“Há muita gente que não percebe de ciclismo” - Pai de Van der Poel responde às críticas às táticas de Mathieu contra Tadej Pogacar na Volta à Flandres

Ciclismo
terça-feira, 07 abril 2026 a 15:00
Mathieu van der Poel
A exibição de Mathieu van der Poel na Volta à Flandres de 2026 não terminou apenas com o segundo lugar. Reacendeu um debate familiar sobre como, ou mesmo se, Tadej Pogacar pode ser batido quando atinge este nível.
Nos dias seguintes, grande parte da discussão centrou-se em saber se Van der Poel deveria ter corrido de forma diferente. Se seguir os movimentos de Pogacar, em vez de impor uma abordagem mais conservadora ou calculada, acabou por jogar a favor do esloveno. Para Adrie van der Poel, essa linha de raciocínio falha o alvo por completo.

“Isso não se faz entre grandes campeões”

Enquanto outros questionaram a tática, o antigo vencedor da Volta à Flandres descartou a ideia de que o filho deveria ter abordado o final de outra maneira. “Isto não é uma corrida para principiantes!”, disse Adrie van der Poel em conversa com L’Equipe. “São dois corredores muito grandes. Se começarem a correr assim, deixo de ver ciclismo. Tem de se correr para ganhar, não para tentar ser o mais esperto. Isso não se faz entre grandes campeões.”
Essa posição contraria diretamente a sugestão de que Van der Poel deveria ter ficado a resguardar-se, esperar, ou tentar transformar a corrida num exercício mais táctico. Em vez disso, enquadra o final pelo que foi: um confronto direto entre dois corredores capazes de decidir a corrida nos seus próprios termos.

Uma corrida decidida no Kwaremont

O movimento decisivo surgiu na última passagem pelo Oude Kwaremont, onde a aceleração de Pogacar abriu finalmente a diferença que ameaçara descolar durante grande parte da prova.
Van der Poel respondeu a esforços anteriores, mantendo o contacto através de repetidas acelerações, mas desta vez a resposta não apareceu. A partir desse momento, a corrida ficou, na prática, resolvida.
Essa sequência tornou-se central no debate. Poderia Van der Poel ter poupado mais? Deveria ter esperado pelo regresso de corredores como Remco Evenepoel? Uma abordagem diferente poderia ter mudado o desfecho? Adrie van der Poel rejeita essa premissa.
Mathieu van der Poel na Volta à Flandres 2026
Mathieu van der Poel na Volta à Flandres 2026

Aceitar o que aconteceu na estrada

Apesar de defender a abordagem, foi claro na leitura do resultado. “Pogacar esteve acima de todos, e isso tem de se aceitar.”
É uma conclusão simples, mas alinhada com o desenrolar da corrida. Pogacar não venceu por um único momento de hesitação atrás de si, mas por uma capacidade sustentada de provocar separações num terreno que as favorece. Mesmo aqueles que conseguiram seguir durante longos trechos acabaram por ser distanciados.
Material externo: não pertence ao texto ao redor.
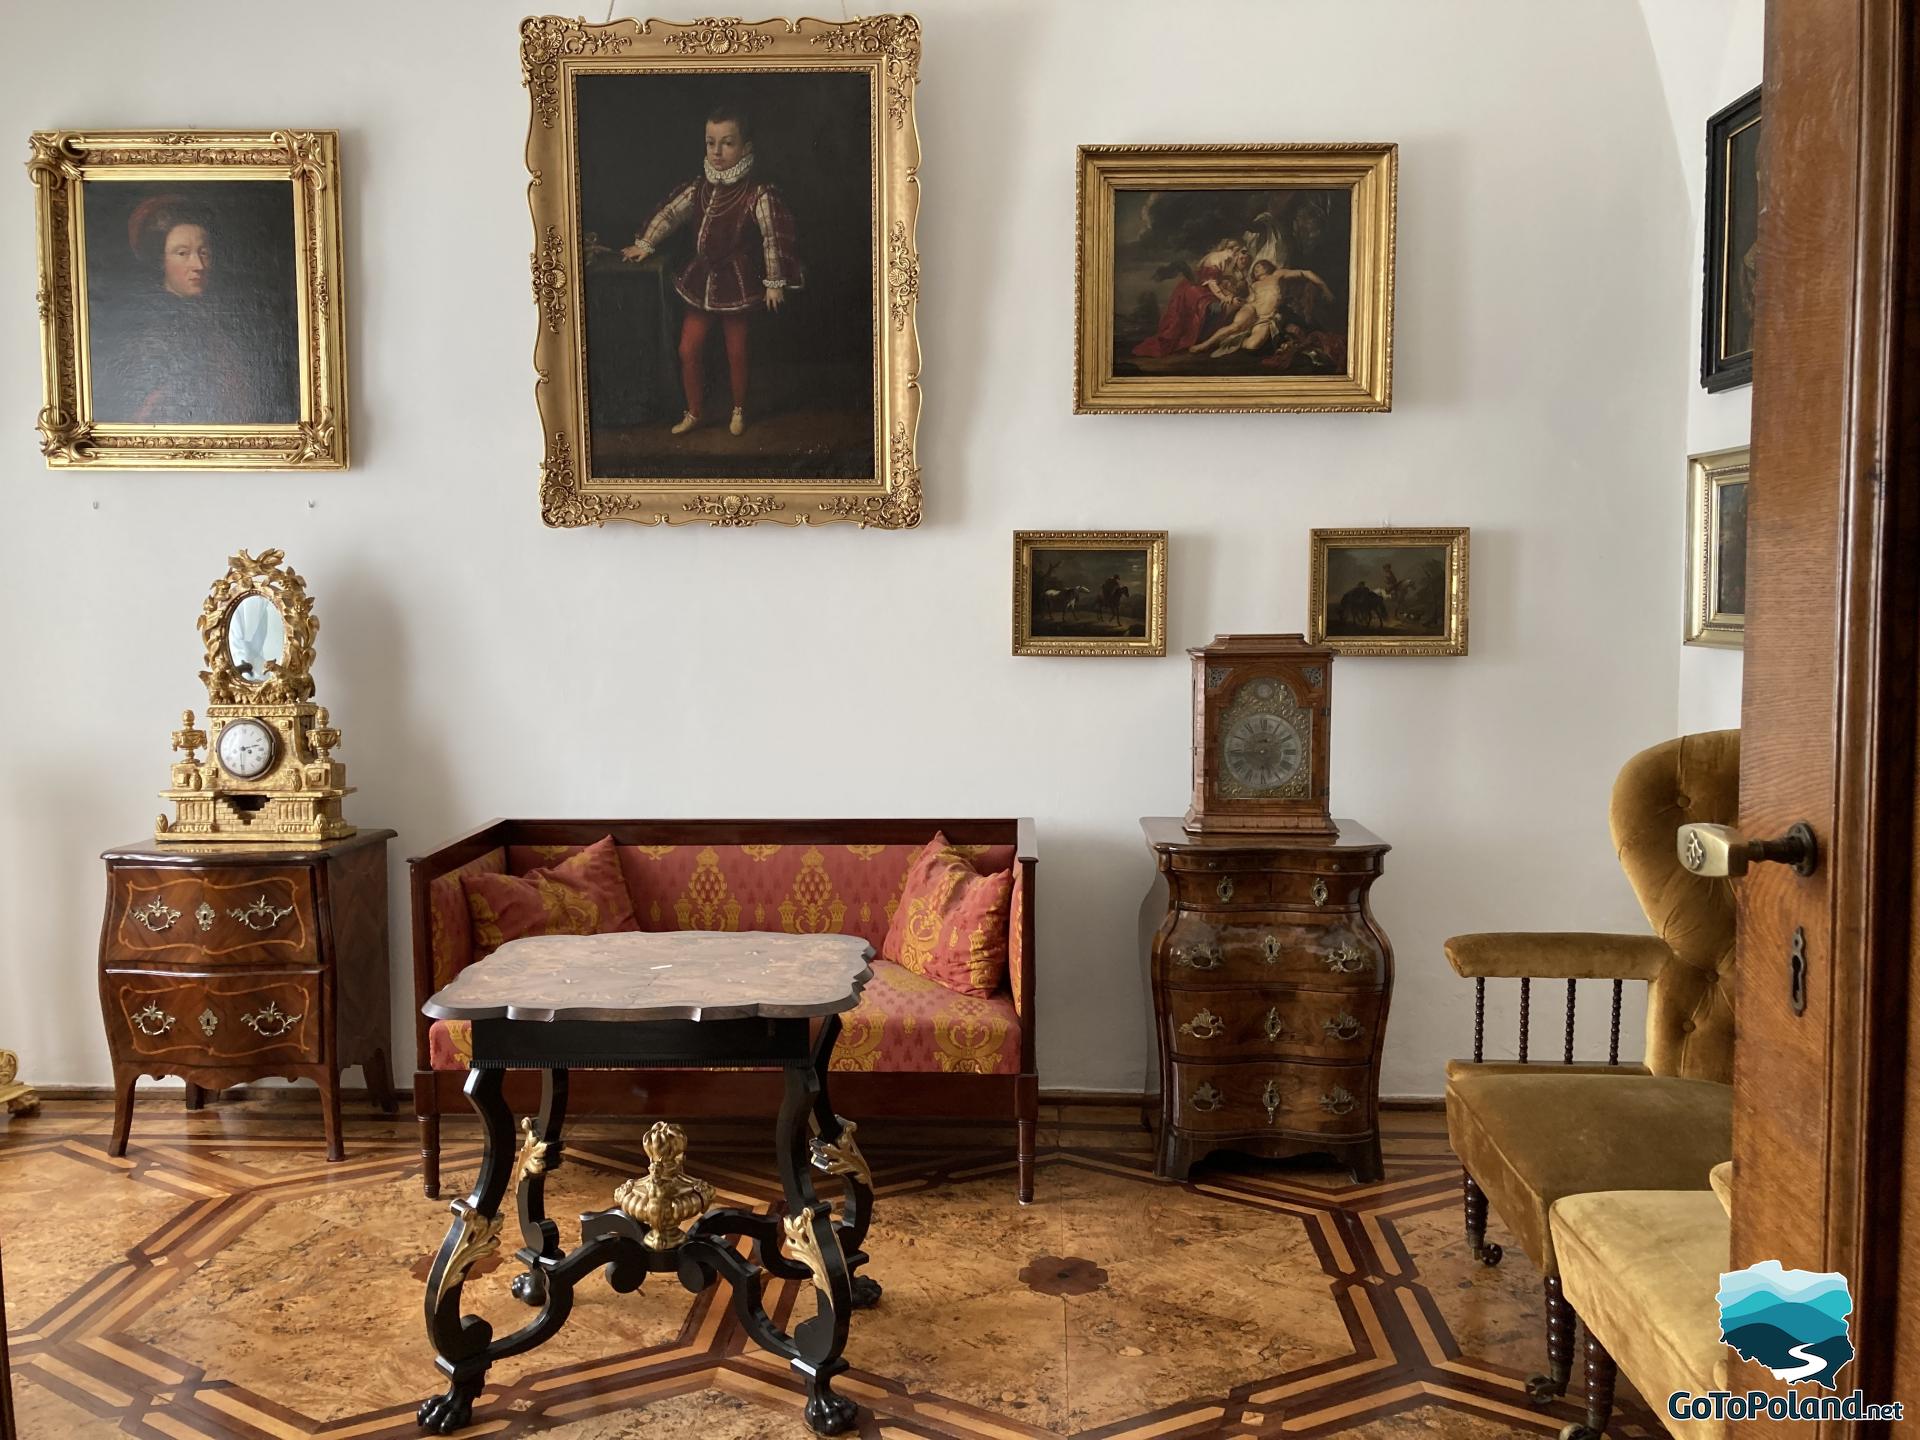 five paintings hanging on the wall, carved table, inlaid floor, two antique clocks

Frustração com as críticas

A reação à corrida também motivou uma resposta mais ampla. “O Mathieu corre sempre pelo pódio”, disse Adrie van der Poel. “Há muita gente que já não percebe ciclismo, que não sabe o que significa lutar pela vitória sete anos seguidos.”
Para ele, a consistência ao mais alto nível está a ser menorizada em favor de análises retrospetivas de um único momento de corrida.
Van der Poel colocou-se repetidamente em posição de vencer as maiores provas do calendário. Isso, por si só, continua a ser a base do sucesso neste tipo de corridas.

Sem arrependimentos, apenas o que vem a seguir

Não há traço de arrependimento sobre a forma como a corrida foi feita. “É preciso tentar encontrar uma solução para o próximo ano, para ver se há algo que possamos fazer melhor”, acrescentou Adrie.
Isso reflete a realidade de correr contra Pogacar na forma atual. A questão não é simplesmente seguir ou não, mas se alguma abordagem teria sido suficiente quando começaram as acelerações decisivas.
Na Flandres, a resposta chegou nas pedras do Kwaremont. E, para quem está mais próximo de Van der Poel, não é uma questão de tática, mas de reconhecer contra o que estavam a medir forças.